I am refusing to enforce a lot of school on them. The daughter does her work of her own volition, because that’s who she is, but the son…not so much. I enforce that he attends his synchronous class time, but other than that, I don’t have the time or energy to enforce anything else. When I tried to get him to practice his oboe and attend his music class, he burst into tears because he was so anxious about it, and now never wants to play music ever again. Yes, that is an extreme reaction, but not out of character, and Rejection Sensitive Dysphoria is real and powerful and really, there are more important things than playing an oboe. We tried. It’s not a passion. We’ll let it go.

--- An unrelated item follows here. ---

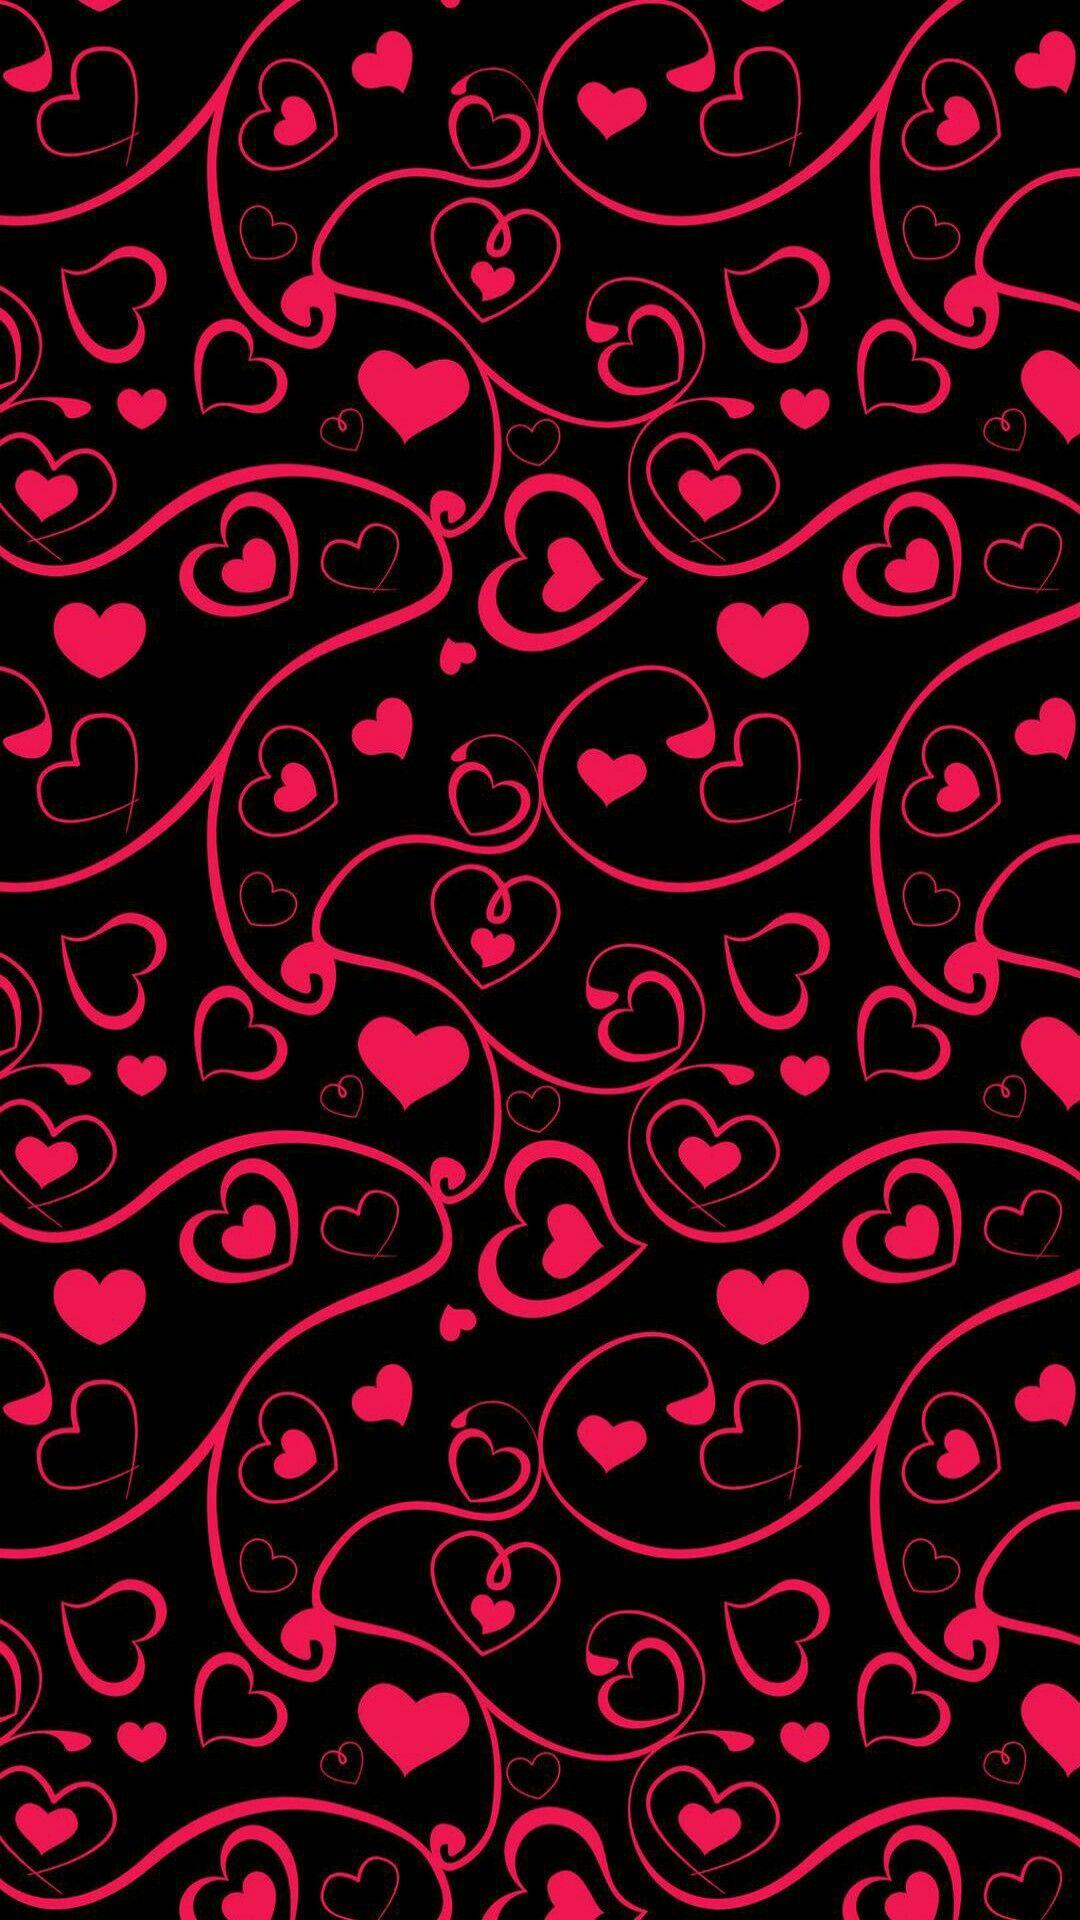 38 Trendy Wallpaper Iphone Black Red Hello Kitty Hello Kitty Valentines Wallpaper Wallpaper Iphone Love Black Phone Wallpaper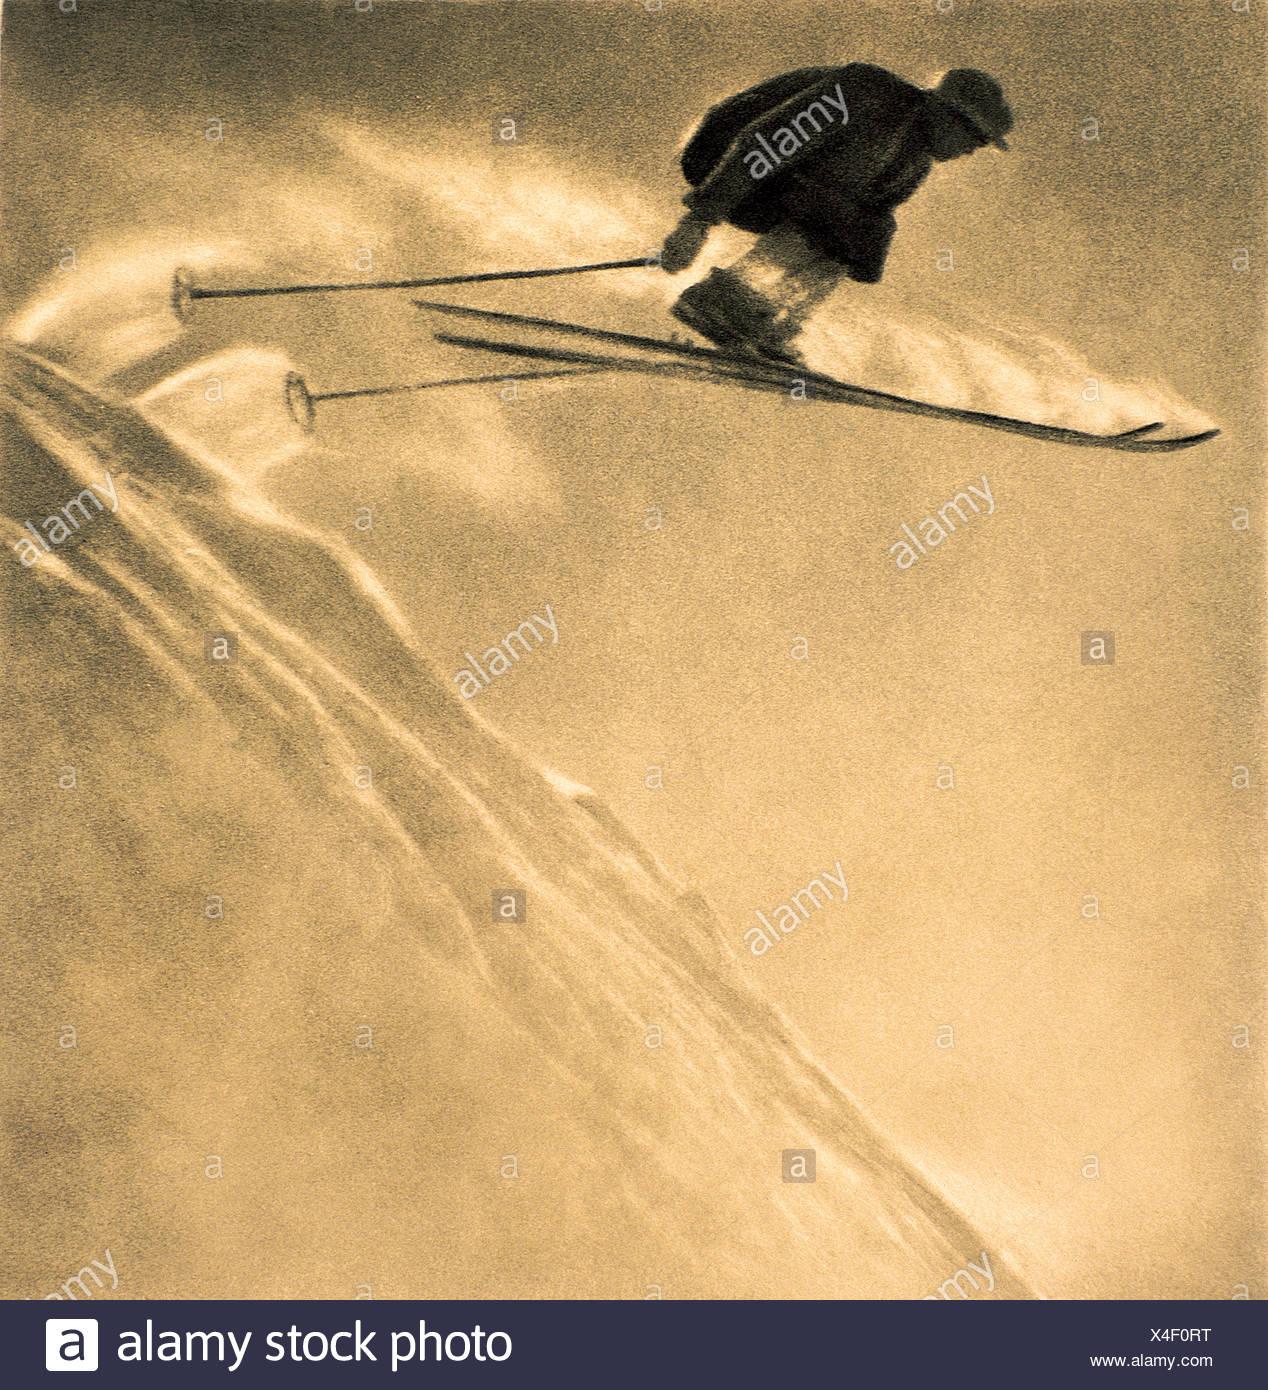 Skier in mid air action stunt in St Anton an Arlberg, Landeck, Tyrol, Austria - Stock Image

There was a movement during Quebec’s history, when a group of artists could no longer take the repression and censorship and corruption of the Catholic Church, which governed all aspects of life in Quebec: political, personal, spiritual, social. They penned a manifesto, Le refus global. I liked to the English translation of the text, but to read it today, it still sounds relevant, timely even. It sounds like some of the cries at protests we heard before protests were banned except if you’re protesting the right to be able to protest, saved for a select few. Some words from the refus:
We must abandon the ways of society once and for all and free ourselves from its utilitarian spirit. We must not willingly neglect our spiritual side. We must refuse to turn a blind eye to vice, to scams masquerading as knowledge, as services rendered, as payment due. We must refuse to live out our lives in the only plastic village, a fortified place but easy enough to escape from. We must insist on having our say – do what you will with us, but hear us you must – and refuse fame and privilege (except that of being heard), which are the stigma of evil, indifference and servility. We must refuse to serve, or to be used for, such ends. We must refuse all INTENTION, the harmful weapon of REASON. Down with them both! Back they go!
Make way for magic! Make way for objective enigmas! Make way for love! Make way for what is needed!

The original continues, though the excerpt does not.